Al ben ik 77 jaar, zolang mijn gezondheid en portemonnee het toelaten, blijf ik mijn ‘thuisland’ bezoeken. De eerste dagen acclimatiseer ik bij mijn zoon en zijn vrouw. Als ik alleen op pad ga, behoren Angkor Wat en de Killing Fields tot het vaste programma. Voor de rest is het: il dolce far niente, het zalige nietsdoen.”

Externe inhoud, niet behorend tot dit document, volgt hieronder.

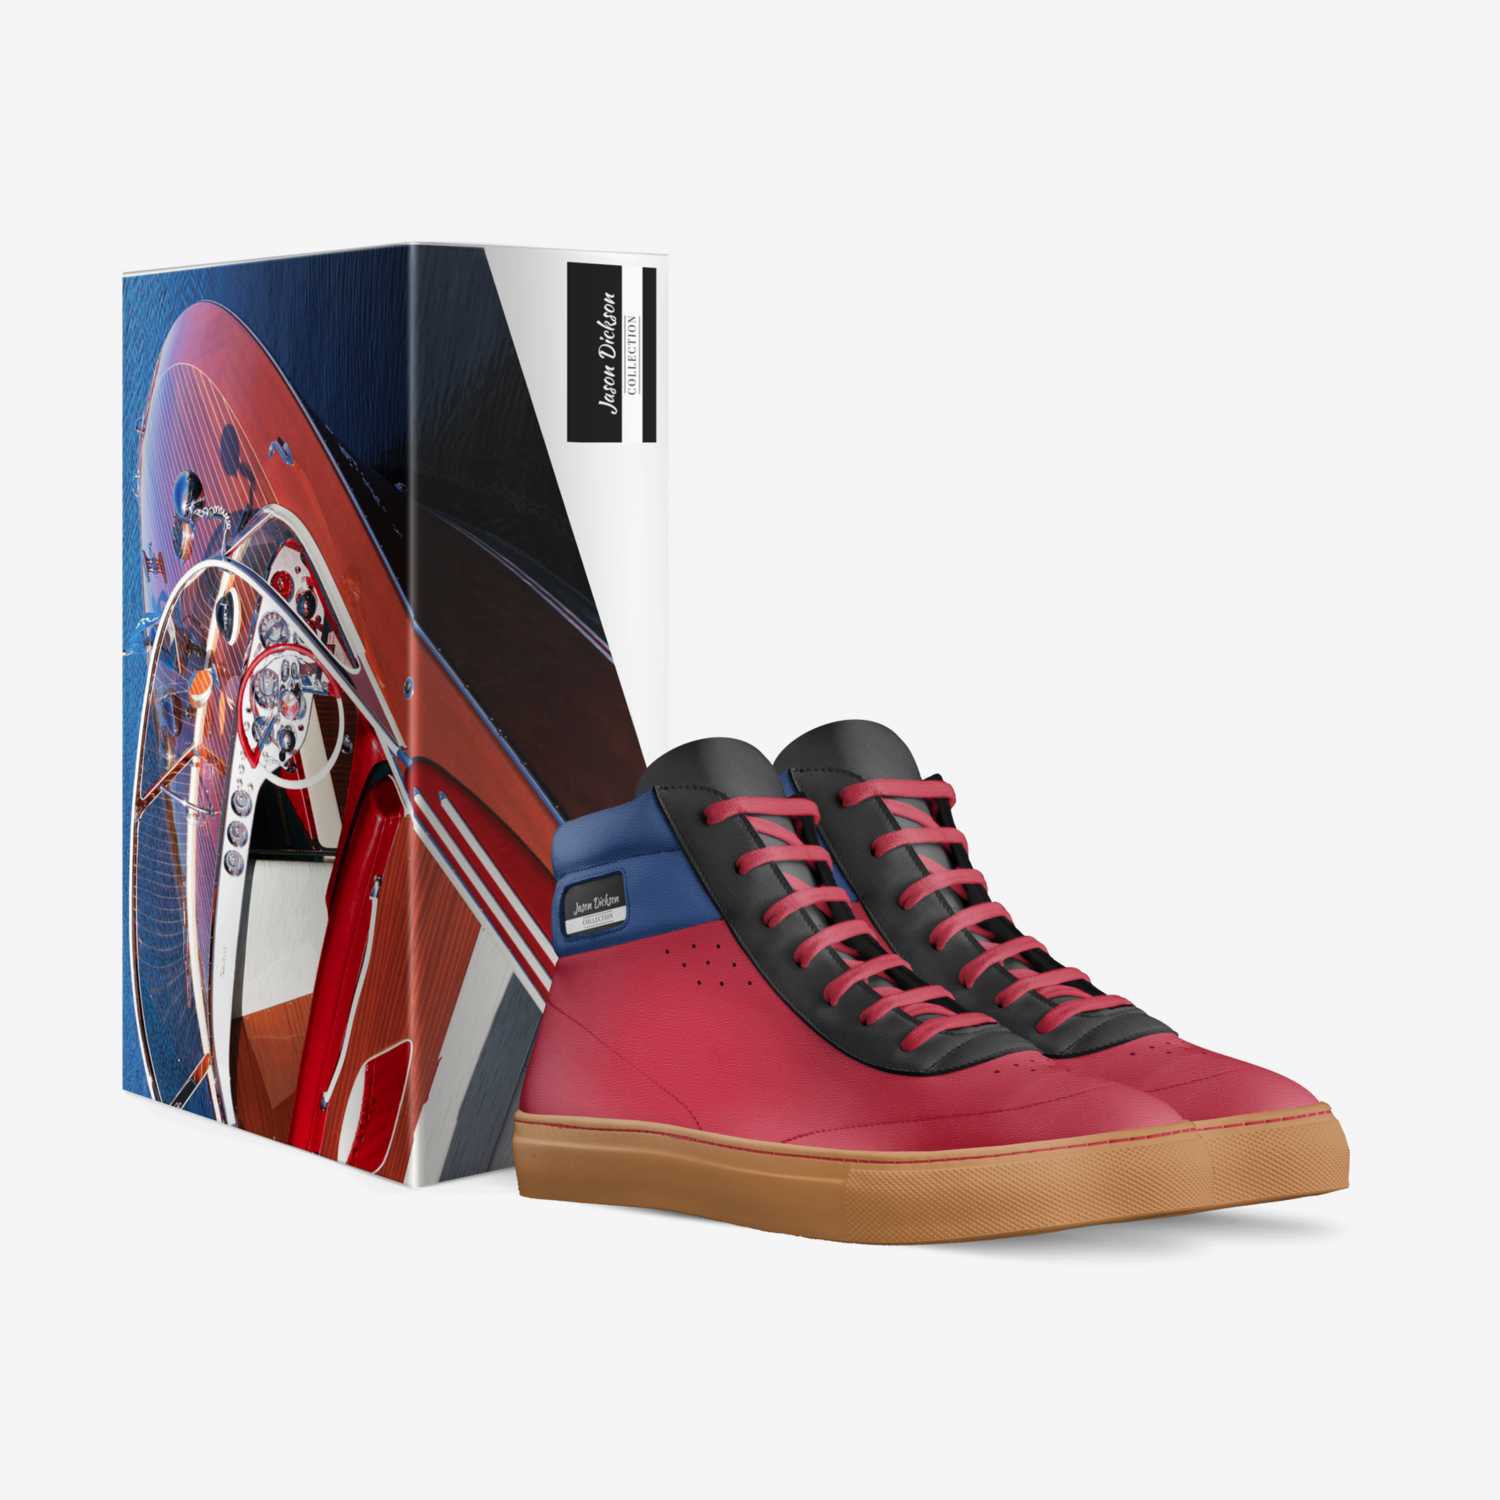 Jason Dickson custom made in Italy shoes by Jason Dickson | Box view
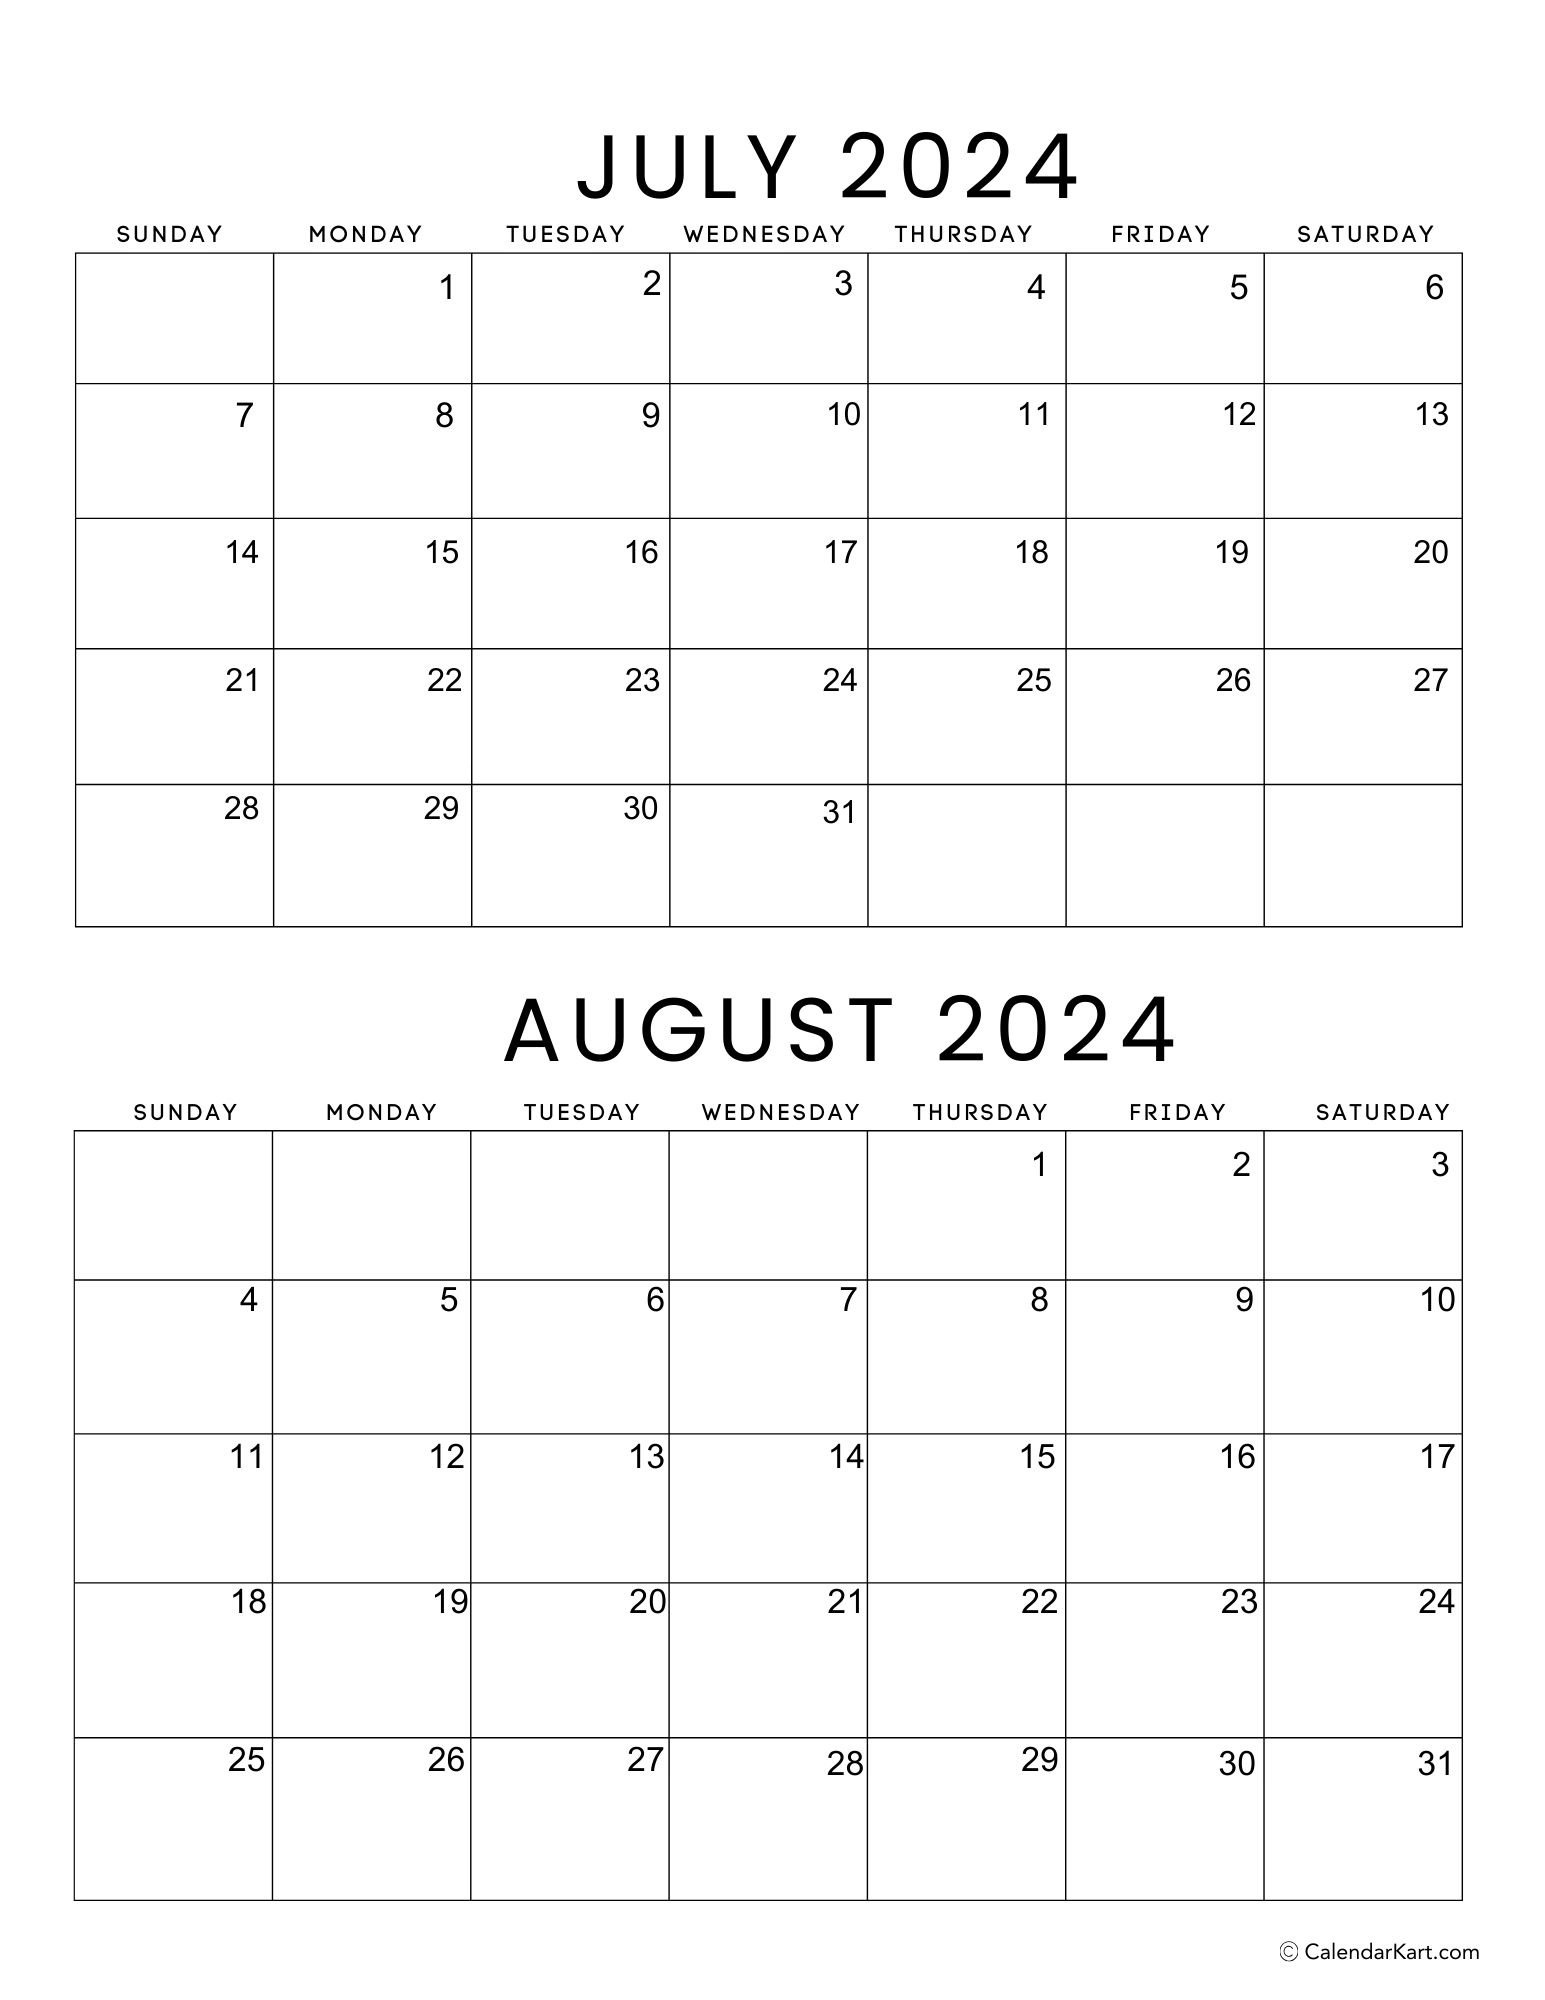 Printable July August 2024 Calendar | Calendarkart with 2024 Calendar July and August

'Ik zie meer mensen dan wanneer ik thuis ben'

Al tien jaar, sinds het overlijden van haar man, verblijft Martha Koster (90) ieder jaar in een stacaravan op dezelfde camping in Zuid-Frankrijk. Ze wordt er schromelijk ­verwend, want ze is er de oudste campinggast.

“Elk jaar begint het in december te kriebelen. Ik ga dan plannen, reserveren en regelen. In Anduze voel ik me nooit alleen, want het zit er vol vrienden en kennissen. Er is een vaste ploeg die ieder jaar komt en samen drinken we koffie, lopen we een rondje, kwebbelen we veel of we jeu-de-boulen. Af en toe komt er familie op doorreis een paar daagjes logeren. Het is zo leuk, ik voel me thuis in Zuid-Frankrijk. Hier zit ik heel vaak alleen in mijn appartementje, maar daar zie ik de hele dag mensen. Als ik dan na acht weken weer thuiskom, mis ik het wel, hoor.”